→ **Try it**: Only lines containing "avec" belong in the answer, each copied from the entries below.

→ **Exercise data**:
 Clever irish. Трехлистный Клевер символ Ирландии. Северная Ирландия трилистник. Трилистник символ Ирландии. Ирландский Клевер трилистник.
---
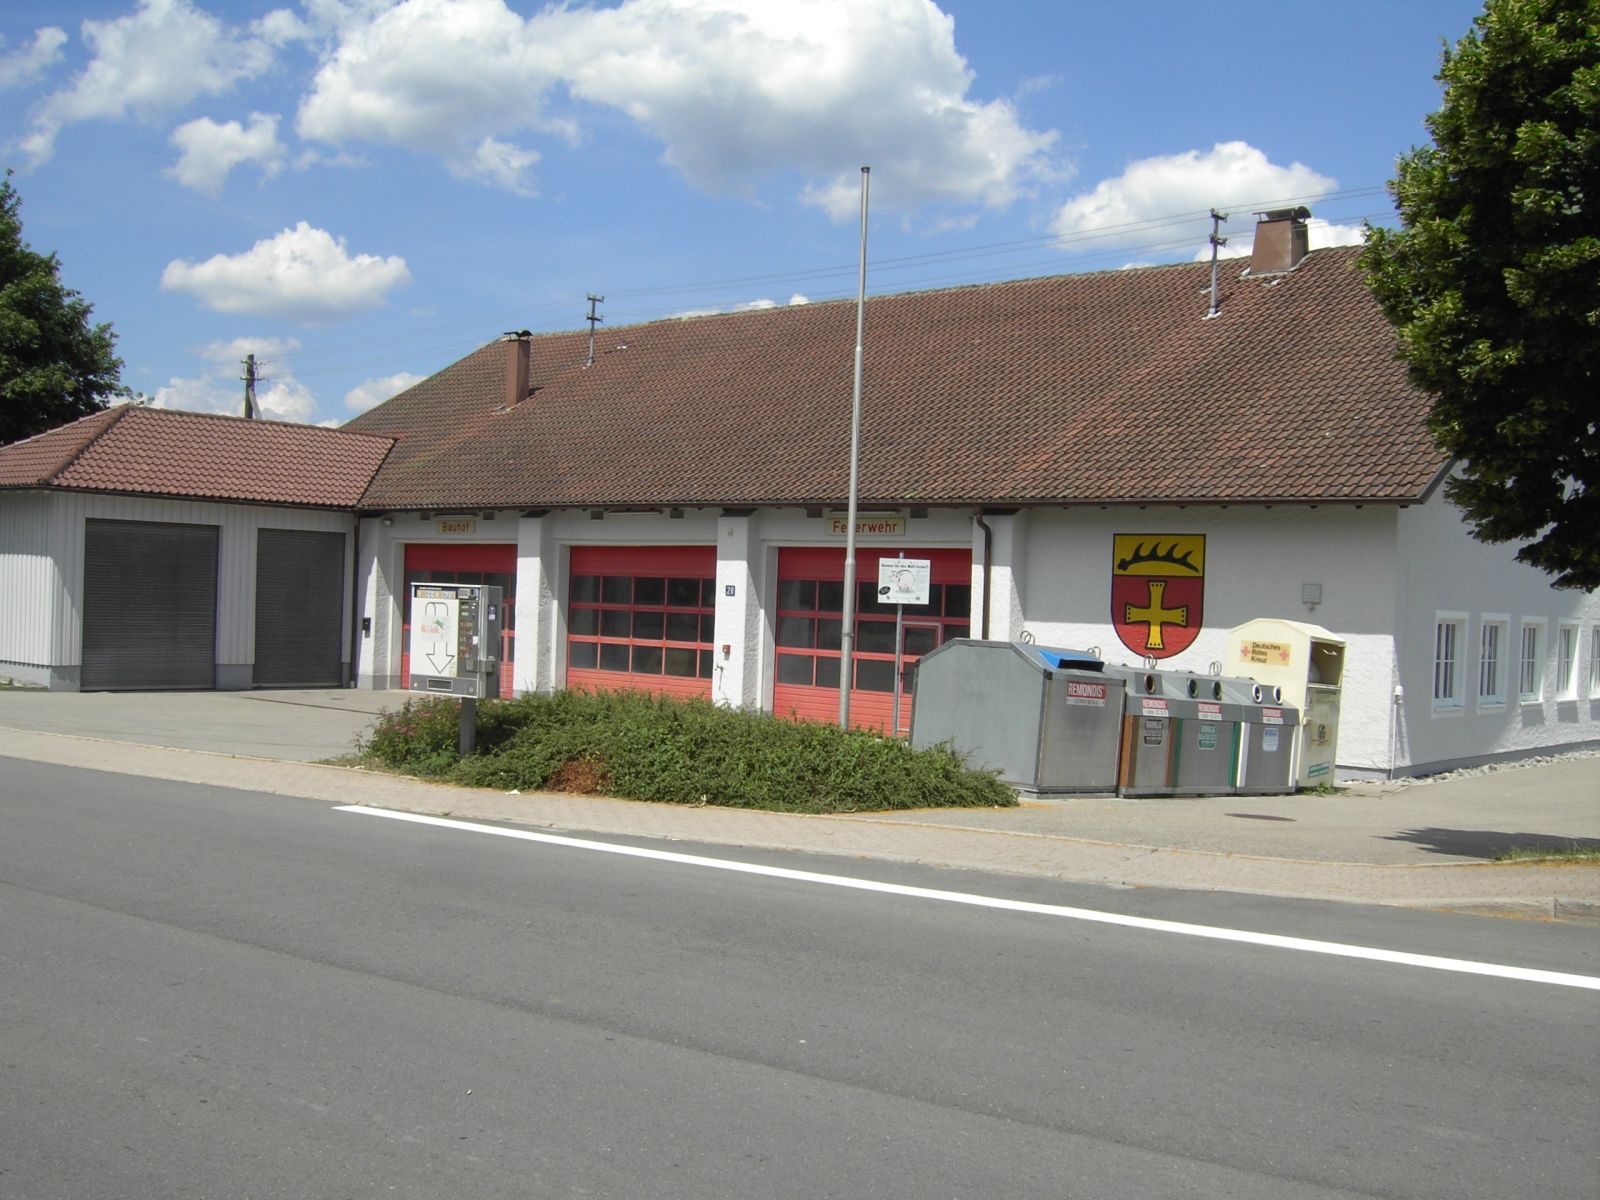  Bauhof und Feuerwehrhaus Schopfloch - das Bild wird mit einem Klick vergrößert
--
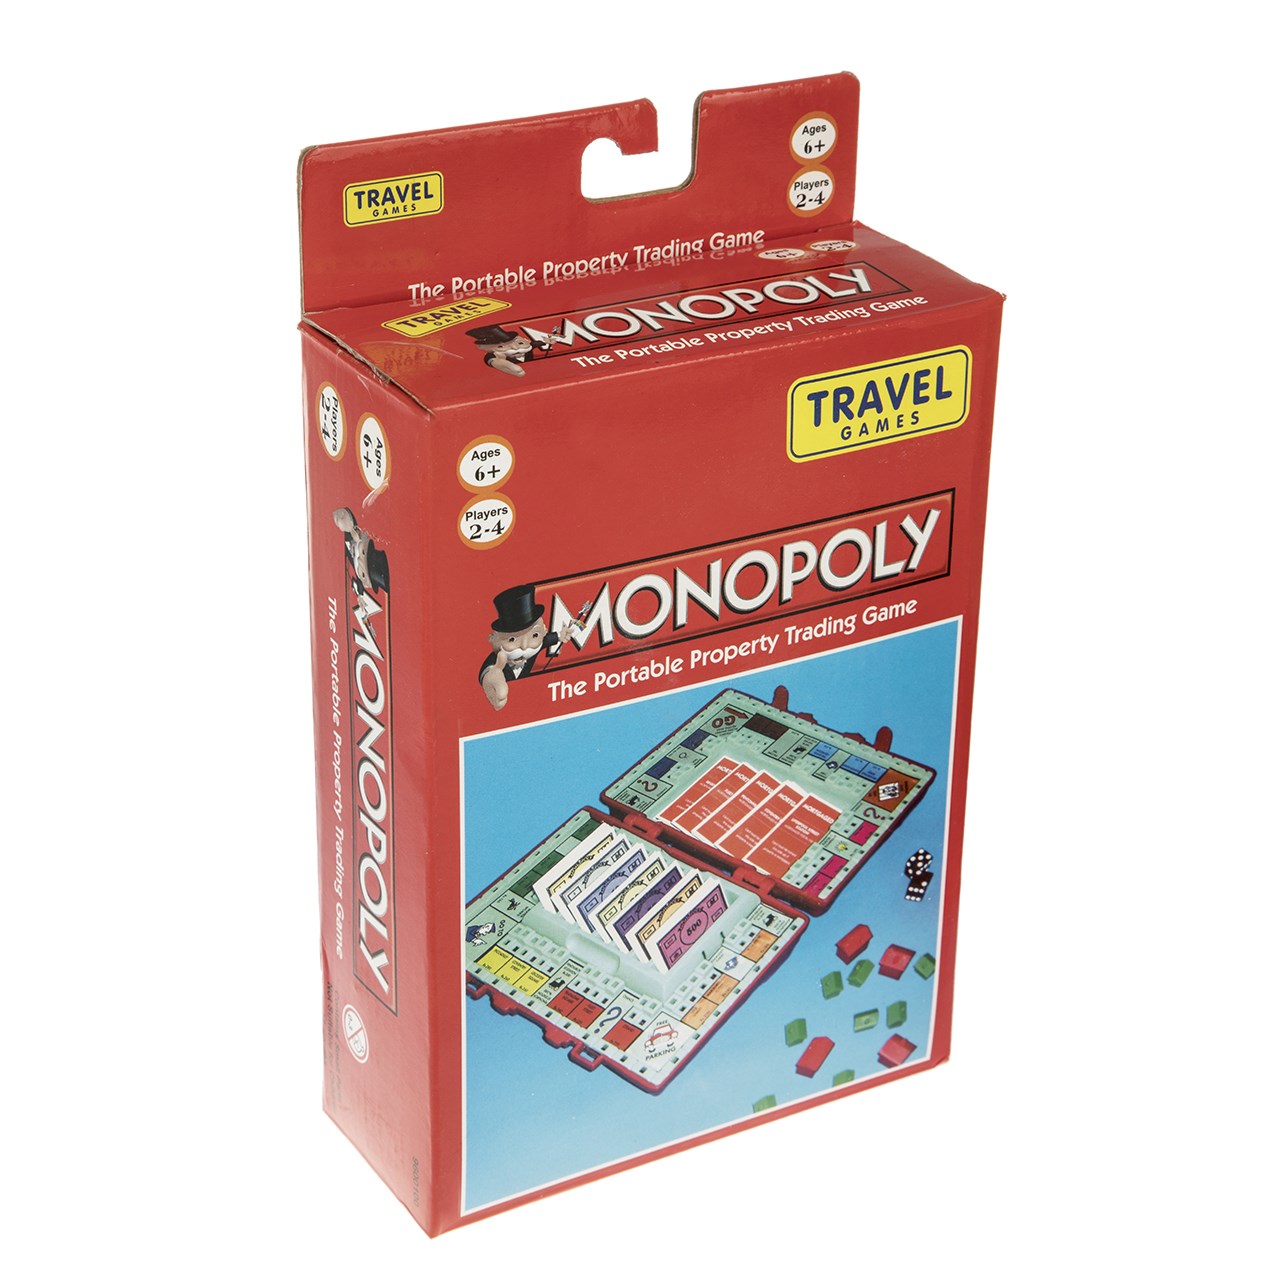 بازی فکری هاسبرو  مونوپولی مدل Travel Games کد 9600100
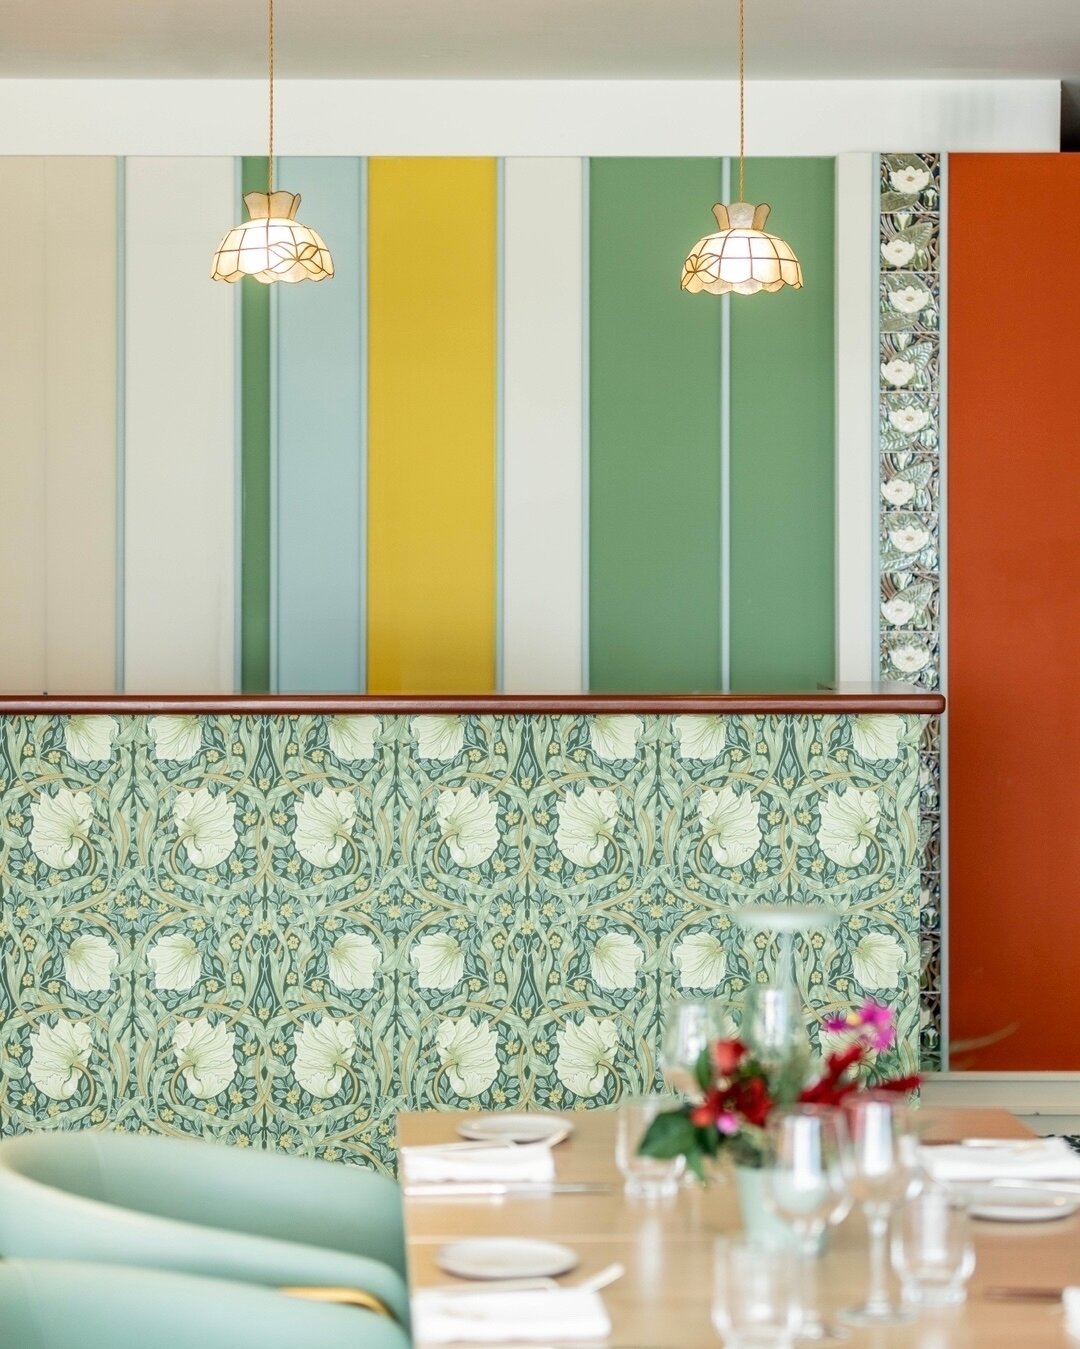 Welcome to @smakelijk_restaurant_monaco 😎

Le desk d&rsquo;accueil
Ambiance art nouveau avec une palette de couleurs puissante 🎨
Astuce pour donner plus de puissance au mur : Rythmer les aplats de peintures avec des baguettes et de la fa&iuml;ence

→ **Solved problem**:
Ambiance art nouveau avec une palette de couleurs puissante 🎨
Astuce pour donner plus de puissance au mur : Rythmer les aplats de peintures avec des baguettes et de la fa&iuml;ence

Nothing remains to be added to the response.